About this task =>
Every line below should be copied exactly; drop the pictures.

Data excerpt =>
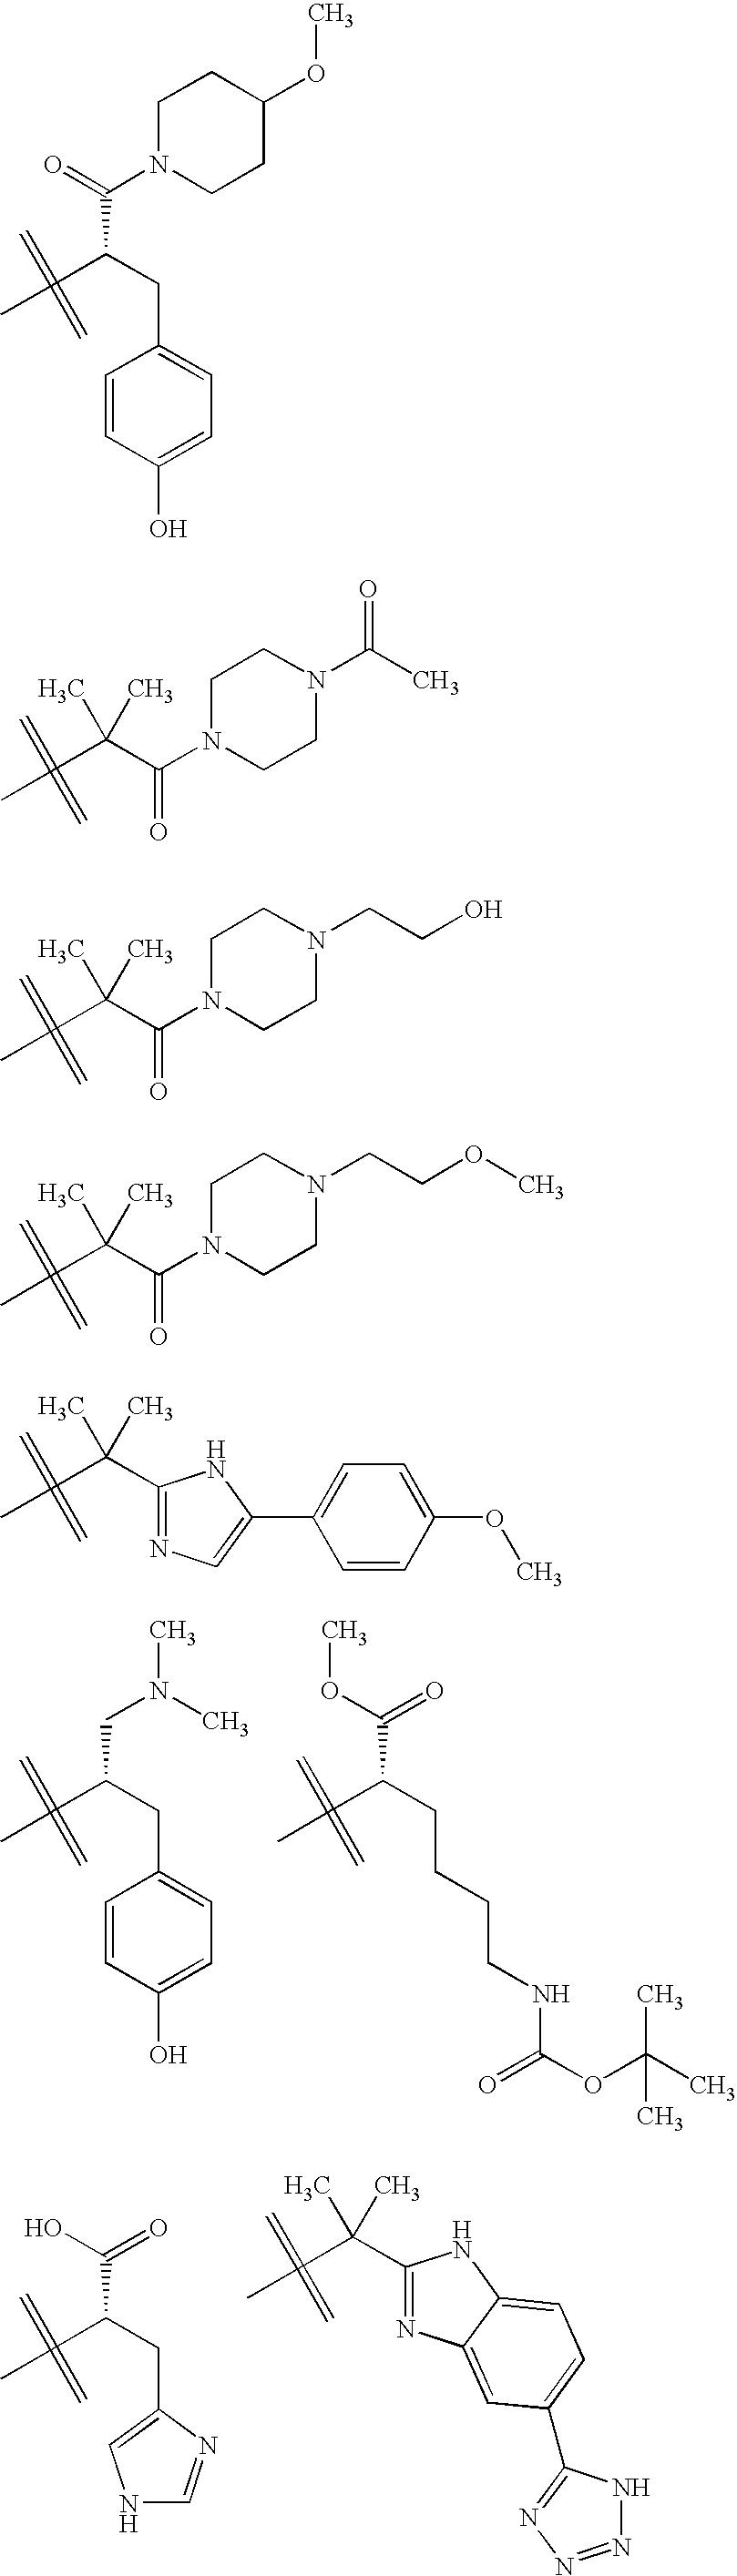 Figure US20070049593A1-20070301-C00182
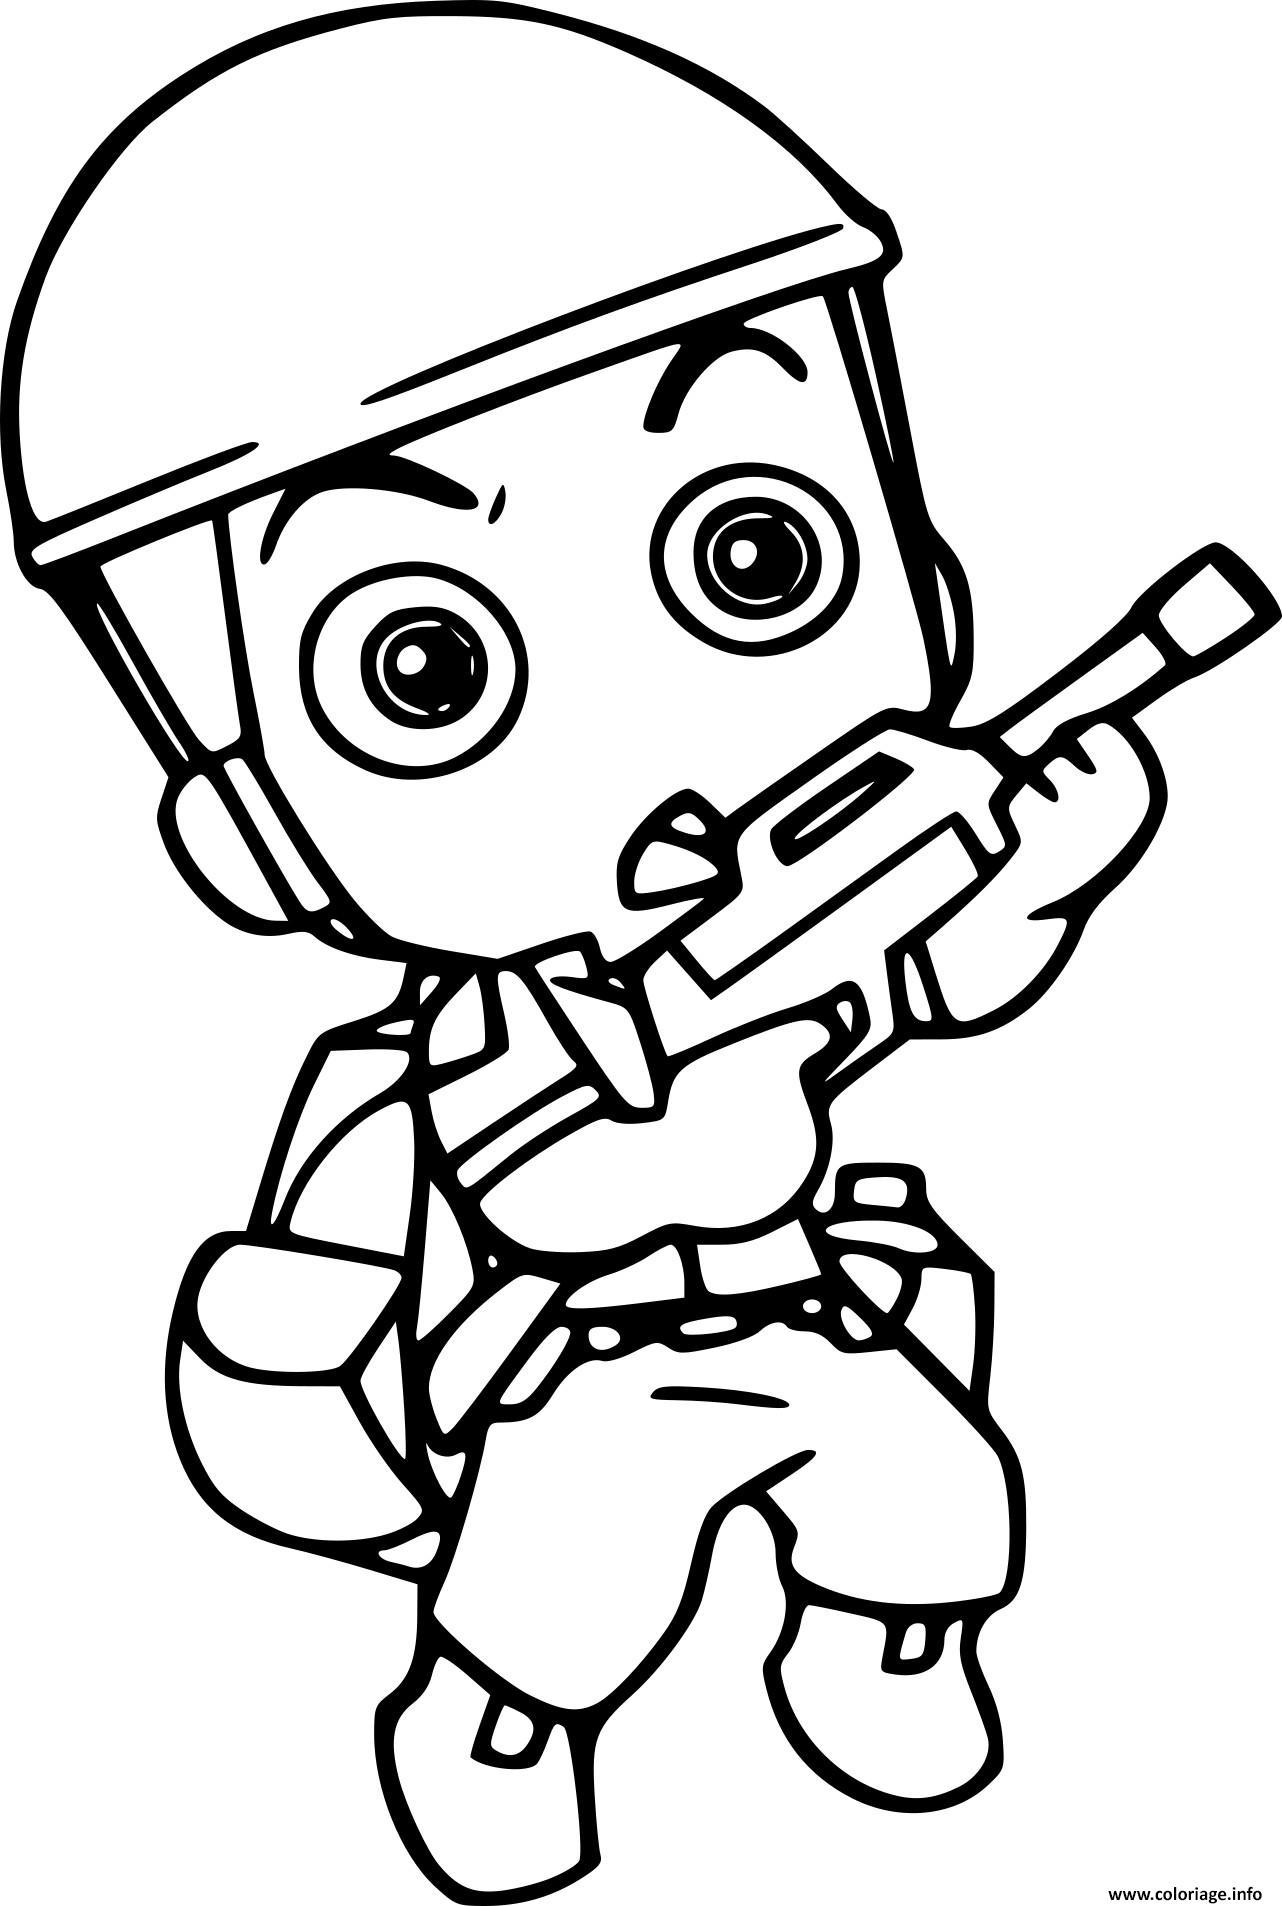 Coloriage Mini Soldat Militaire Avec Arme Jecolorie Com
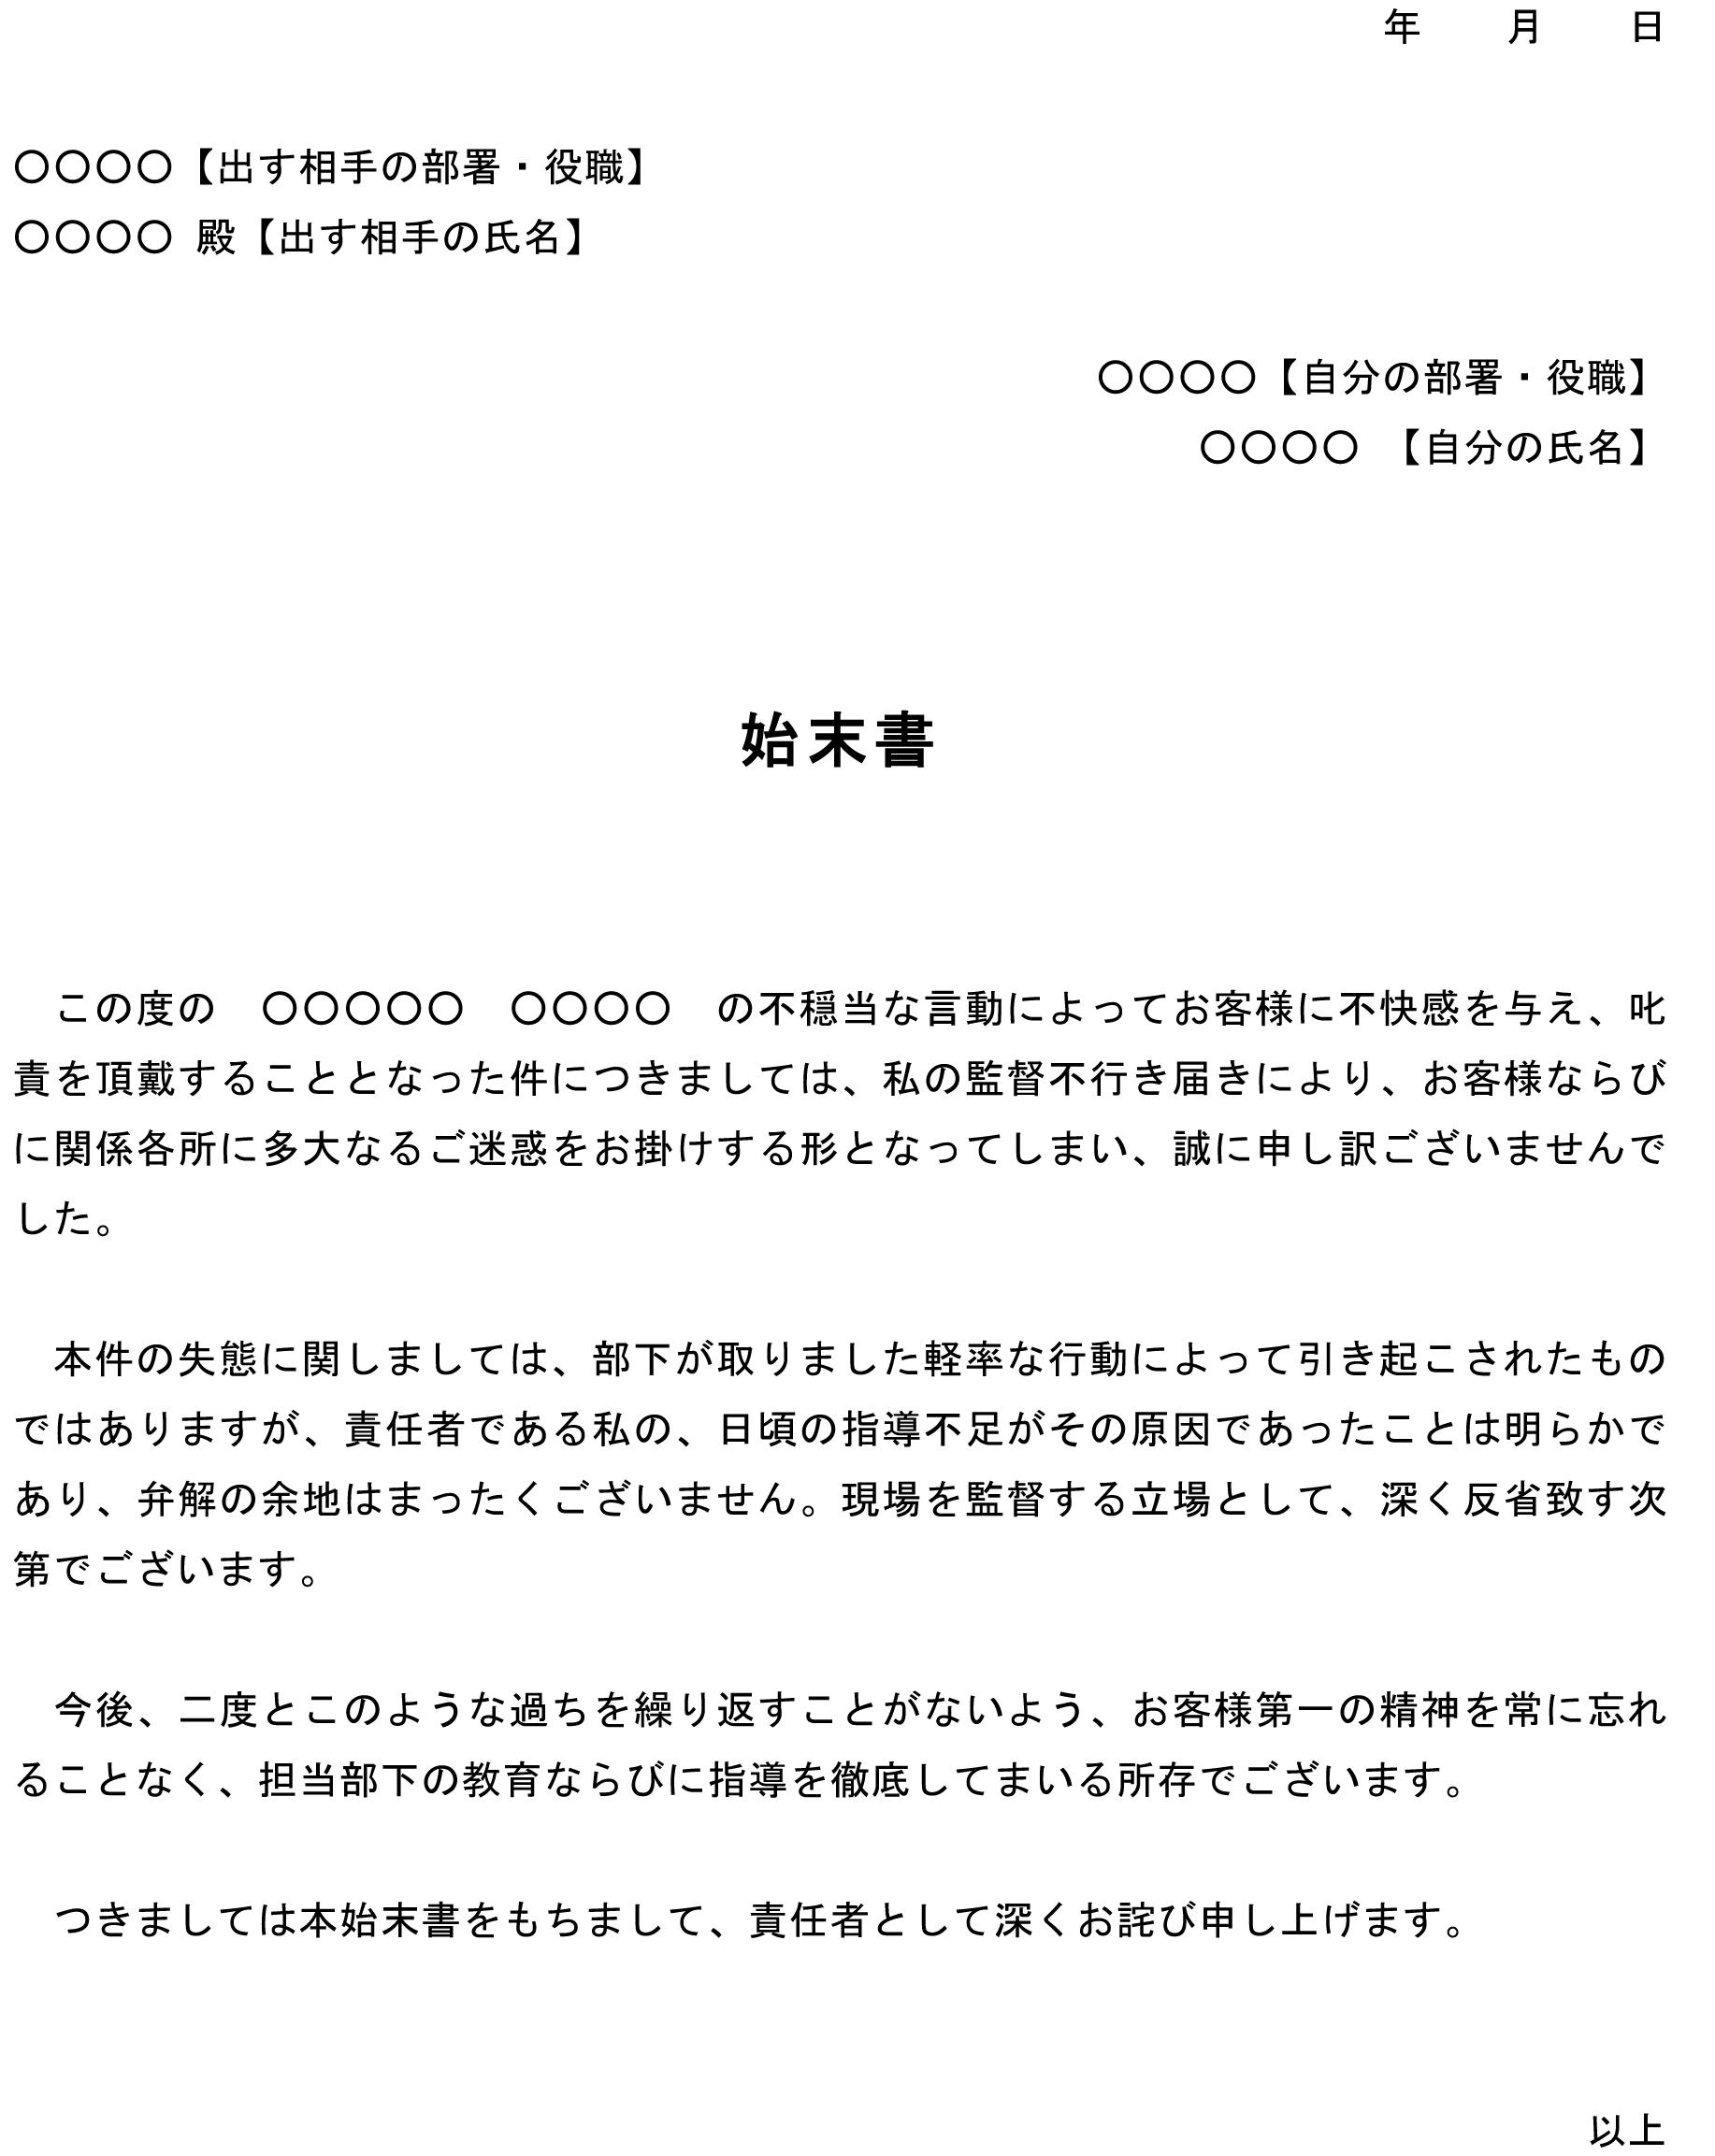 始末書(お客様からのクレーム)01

Output of the task =>
 Figure US20070049593A1-20070301-C00182
 Coloriage Mini Soldat Militaire Avec Arme Jecolorie Com
 始末書(お客様からのクレーム)01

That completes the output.